= Television in Brunei =

Television in Brunei was introduced in 1975. It operates as a three-channel monopoly operated by state broadcaster Radio Televisyen Brunei. Until 2022, Kristal-Astro provided subscription television services.

==History==
The first television signals received in the vicinity of Brunei were those of TV Sabah, whose test broadcasts started in February 1971. When regular broadcasts started the following month, there was an increase in television sets. As part of a five-year plan, the introduction of television became a possibility.

RTB started testing its signals on VHF channel 5 on 1 March 1975 in Bandar Seri Begawan; on 10 July, its broadcasts became regular. In 1976, a second transmitter in Seria on channel 8 was added.

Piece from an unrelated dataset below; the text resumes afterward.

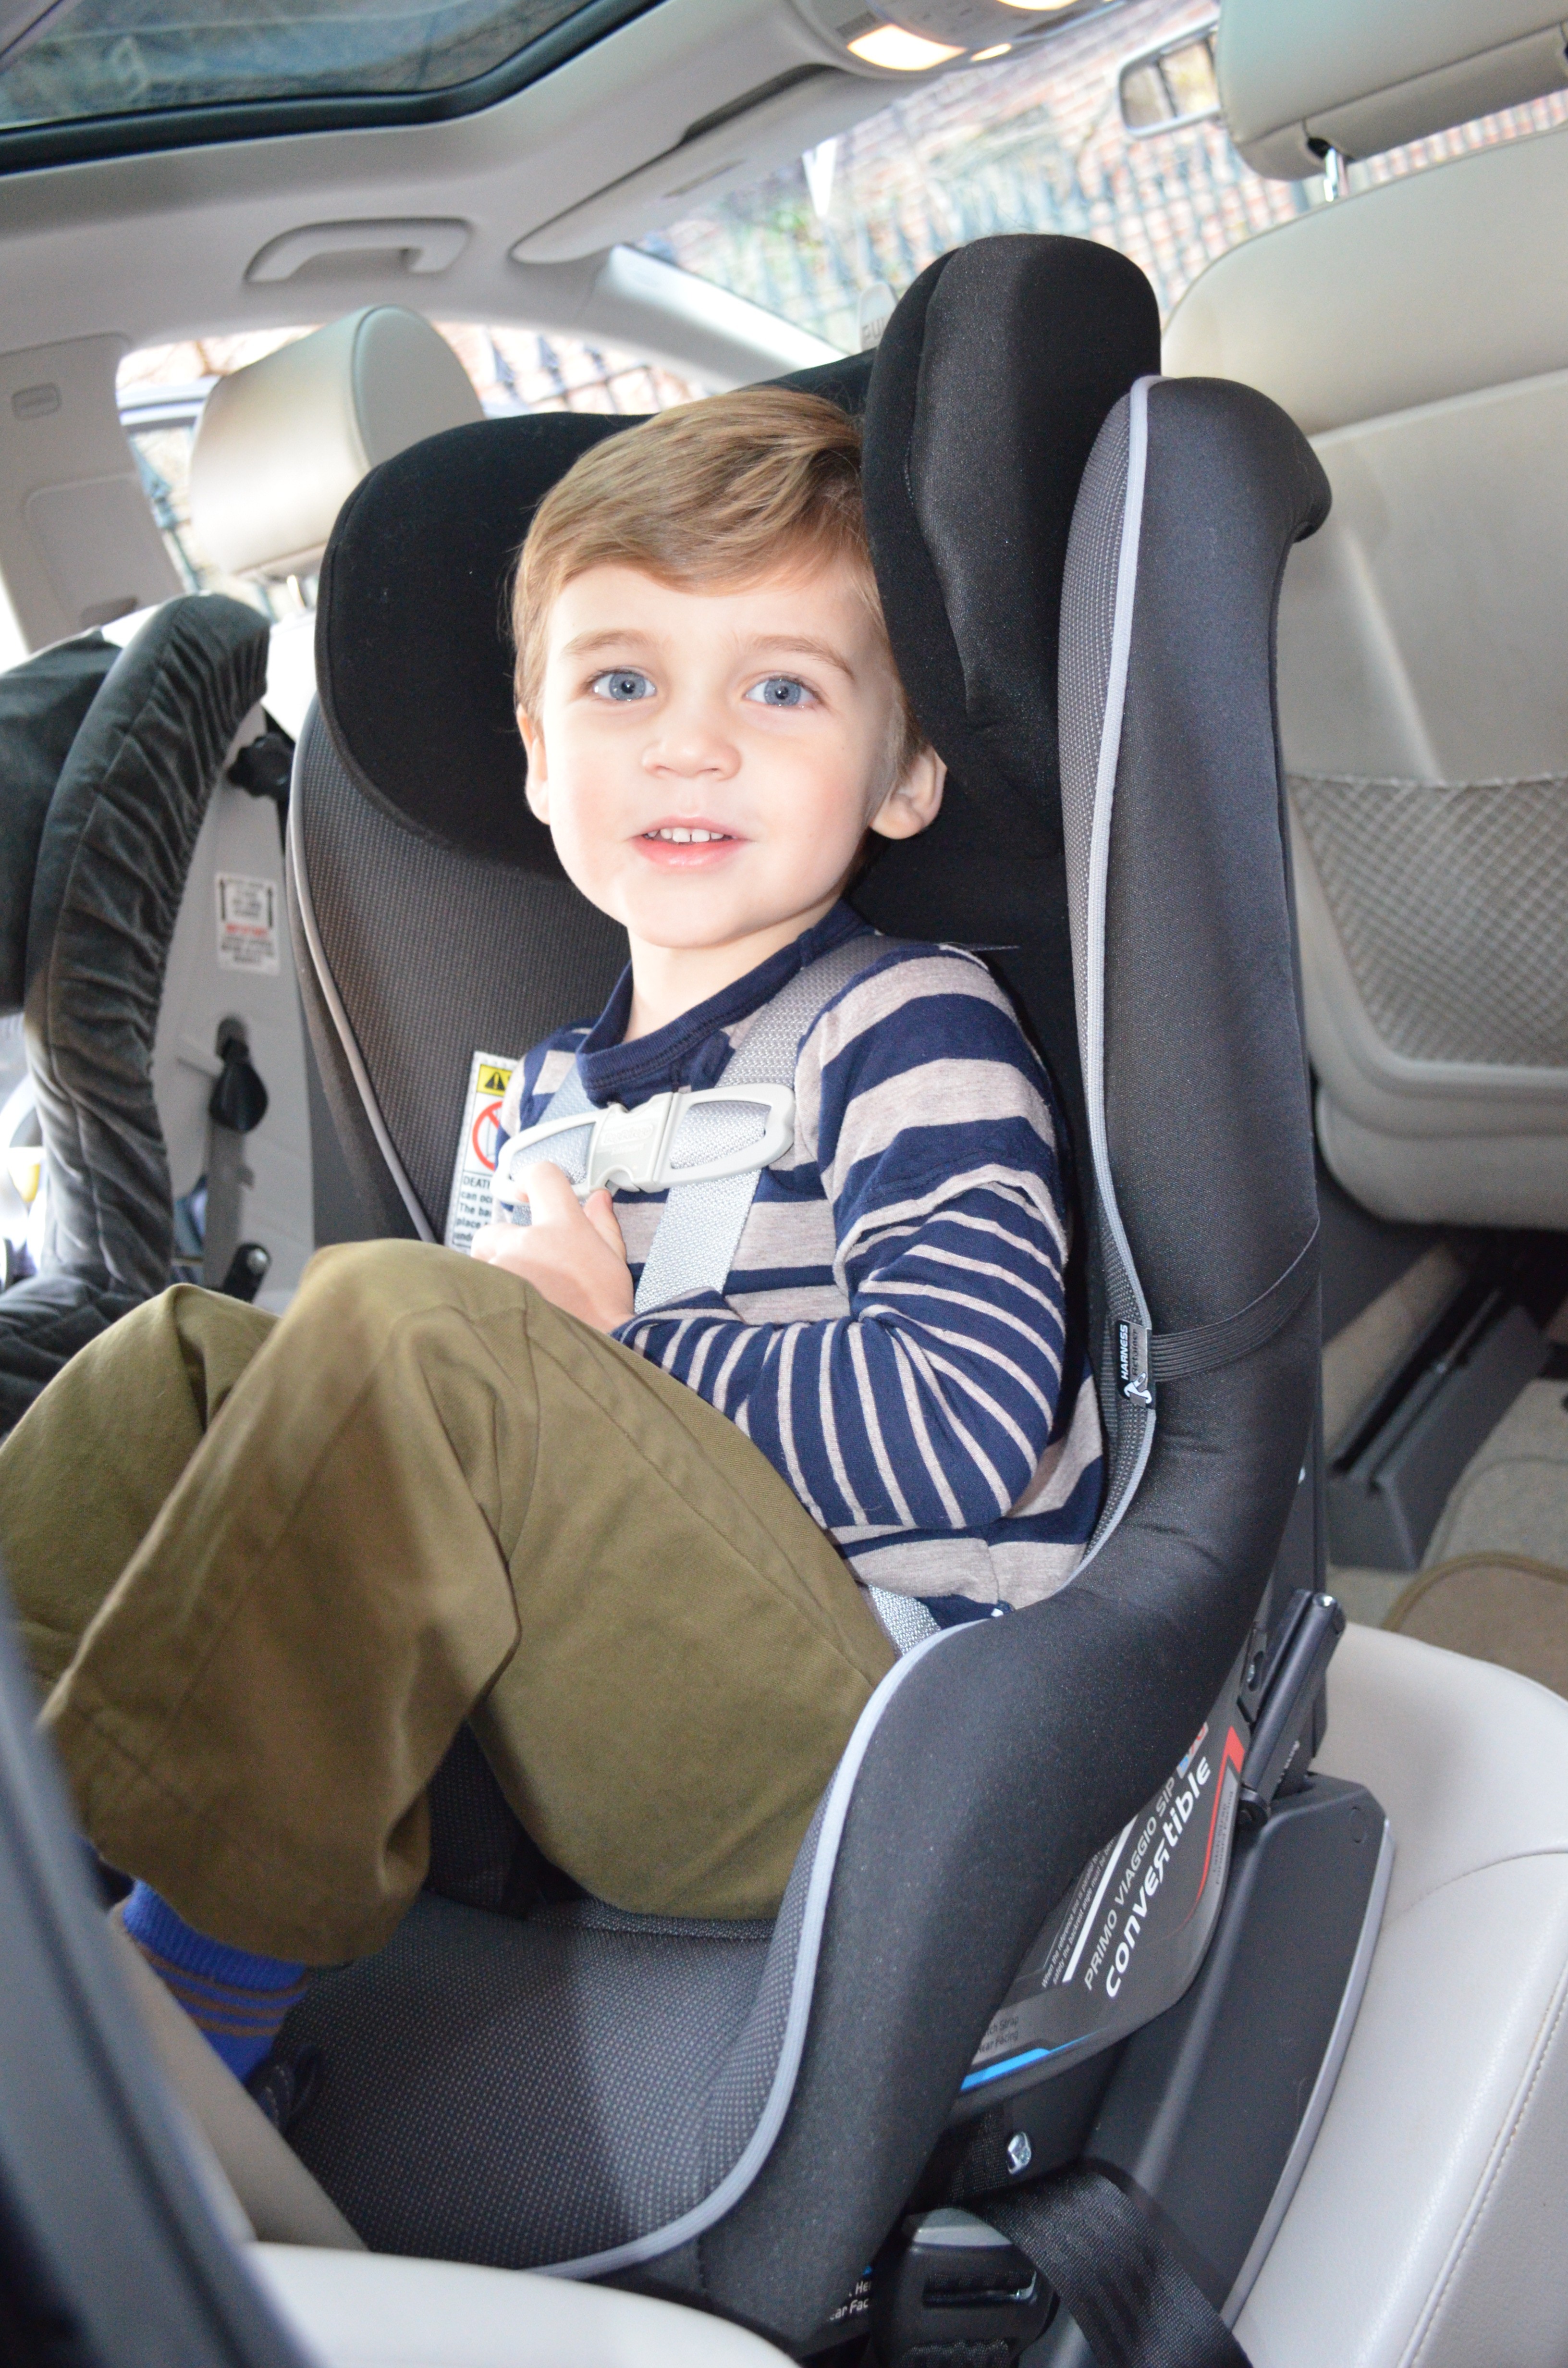 Your Child Turn Forward Facing, At What Weight Can A Child Be In Front Facing Car Seat

Beginning 1 January 1994, RTB Sukmaindera (later renamed Brunei International) launched, a one-hour international service delivered by the Palapa B2P satellite.

Kristal started delivering a 14-channel subscription television service on 2 January 1999, in order to combat the rise in illegal satellite dishes. The broadcast of MTV was cut from the operator due to moral concerns, but was later reinstated with certain programming blocked. Kristal-Astro, a subscription satellite service, started on 25 January 2000, when Kristal signed an agreement with Astro.

RTB rearranged its line-up of channels with the introduction of digital terrestrial television in Brunei: the existing channel became RTB1 while RTB2 launched in 2006 as an entertainment channel. Around 2008, RTB3, an HD channel, started with a similar mix of programmes to those seen on RTB2. Brunei International was renamed RTB4 and an Islamic channel, RTB5, launched. On 11 April 2017, RTB cut the number of channels from five to three, with RTB1 and RTB5 merging to form RTB Perdana, RTB2 and RTB3 merging to form RTB Aneka and RTB4 becoming RTB Sukmaindera.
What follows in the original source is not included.